I'm a long-time user of cachegrind for program profiling, and recently went back to check the official documentation once more: https://valgrind.org/docs/manual/cg-manual.html
In it, there are multiple references to CPU models, implementation decisions and simulation models that are all from the mid-2000s, and there are also statements that some behavior changed on "modern" processors:
the LL cache typically replicates all the entries of the L1 caches [...] This is standard on Pentium chips, but AMD Opterons, Athlons and Durons use an exclusive LL cache [...]
Cachegrind simulates branch predictors intended to be typical of mainstream desktop/server processors of around 2004.
More recent processors have better branch predictors [...] Cachegrind's predictor design is deliberately conservative so as to be representative of the large installed base of processors which pre-date widespread deployment of more sophisticated indirect branch predictors.

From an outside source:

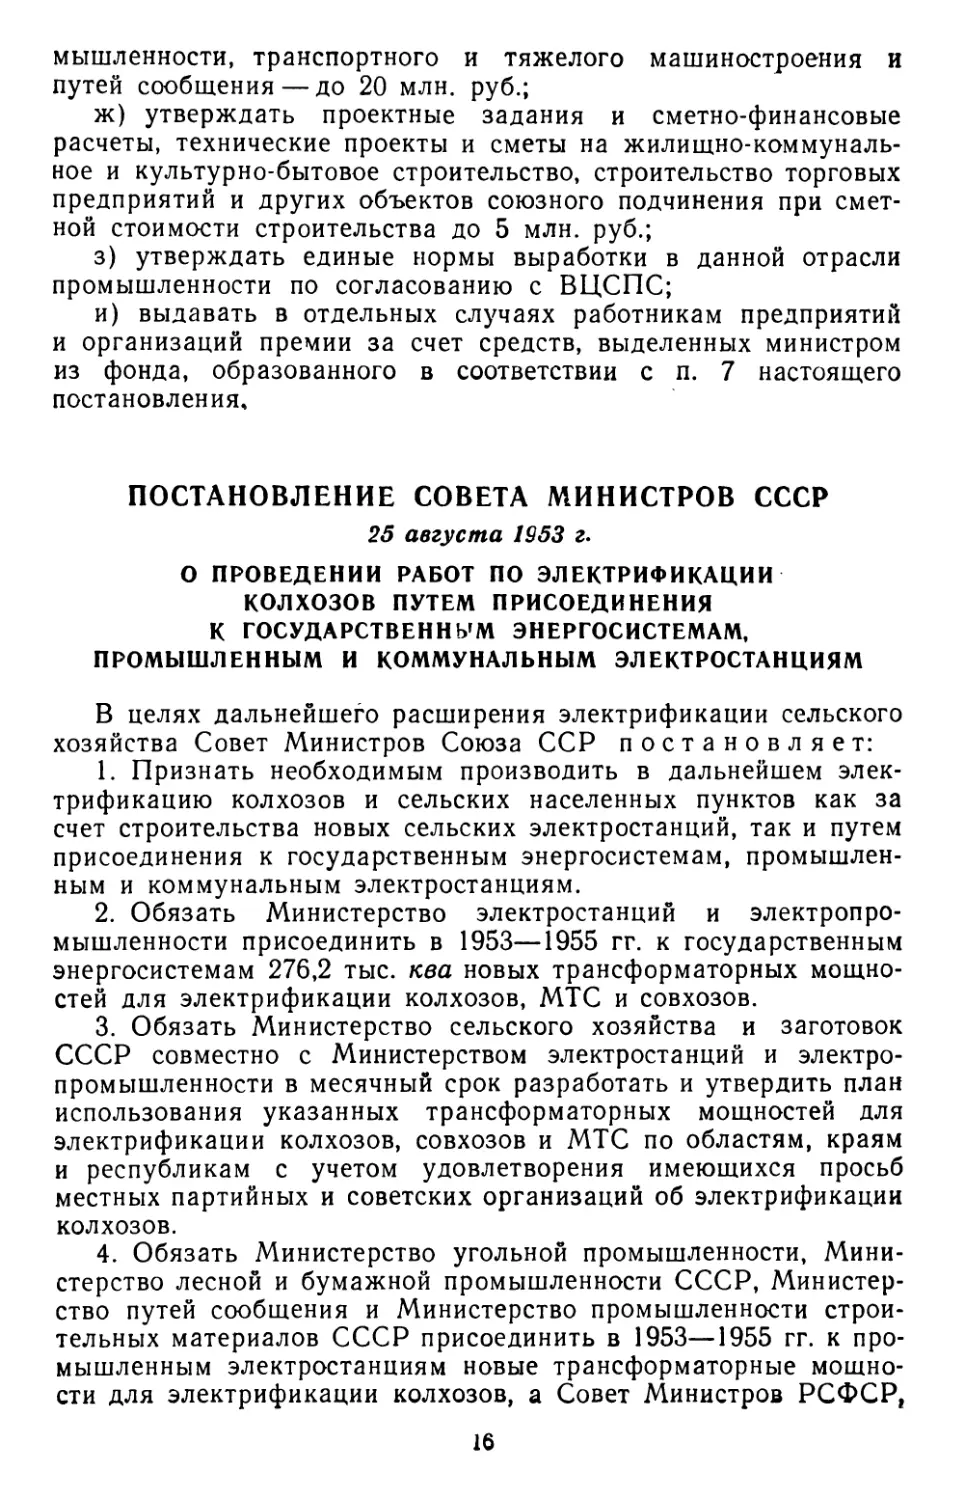 Постановление Совета Министров СССР, 25 августа 1953 г. О проведении работ по электрификации колхозов путем присоединения к государственным энергосистемам, промышленным и коммунальным электростанциям

In particular, late model Pentium 4s (Prescott), Pentium M, Core and Core 2 have more sophisticated indirect branch predictors than modelled by Cachegrind.
Now I'm wondering
- how many of these choices still apply in 2021 when developing on latest-gen CPUs,
- whether the implementation of cachegrind has been updated to reflect latest CPUs, but the manual is outdated,
- whether cachegrind shows skewed results on modern CPUs due to its simulation of legacy behavior.
Any insight is greatly appreciated!